Kohn-Sham density-functional theory within its local-density approximation (LDA) and generalized gradient approximations (GGAs) is presently the "standard model" for materials science. These approximations are usefully accurate for a large variety of applications ranging from molecules to solids, surfaces, and clusters in physics, chemistry, biology and the nano-sciences. However, they fail in a number of well-documented situations, among which the most prominent are van der Waals (vdW) bonded systems, materials with strong correlations, certain surface adsorption problems, and chemical reaction barrier heights to name a few. Some of these difficulties can be overcome or at least alleviated by employing the so-called hybrid functionals, which mix a fraction of Hartree-Fock exchange with semi-local exchange. However, in some situations, even hybrid functionals are not sufficiently accurate, or have the necessary ingredients to capture the right physics.
The objectives of the Max Planck Partner Group is to develop computational approaches and softwares to overcome the intrinsic deficiencies of conventional approximations in density-functional theory (DFT). The driving force for this development was the increasing need for higher accuracy and reliability of electronic-structure simulations in chemistry, physics, and materials science. The recently proposed Renormalized Second-order Perturbation Theory (rPT2) (Phys. Rev. B 88, 035120 (2013)) is an outcome of our previous investigations along this line.

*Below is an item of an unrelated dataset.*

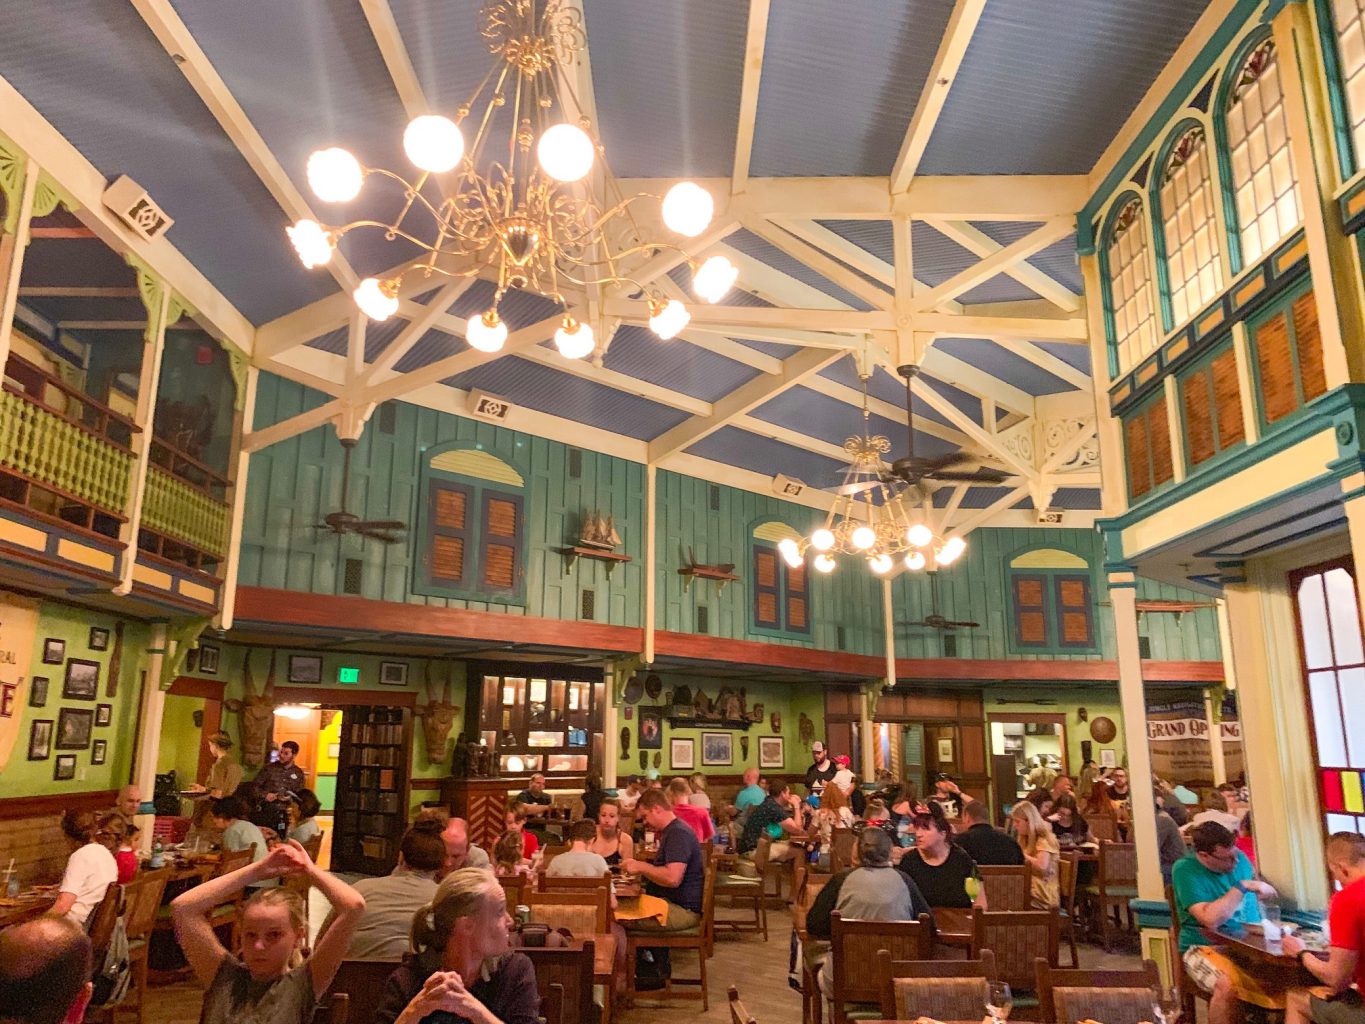 The rustic western dining area of Skippers Canteen is green, white, and brown, and in this photo, booths and tables are filled to capacity. No wonder this is one of the best restaurants in Magic Kingdom!

Based on what we have achieved so far, our future objective is to develop and implement advanced electronic-structure methods that are both sufficiently accurate and numerically tractable for materials science. From the methodology point of view, what we would like to have is a method that is generally better than rPT2, reaching an accuracy level comparable to CCSD(T), but with lower-scaling and thus lower computational cost. From the application point of view, we would like to extend the reach of rPT2 and its further development to condensed-matter physics and materials science. This requires an efficient implementation of rPT2 and beyond for periodic systems, which is the first goal to be achieved in this project. Starting from this, our long-term goal is to develop advanced and generally applicable computational quantum mechanical methods and the corresponding software package that can be used in chemistry, condensed-matter physics, materials science, and biophysics.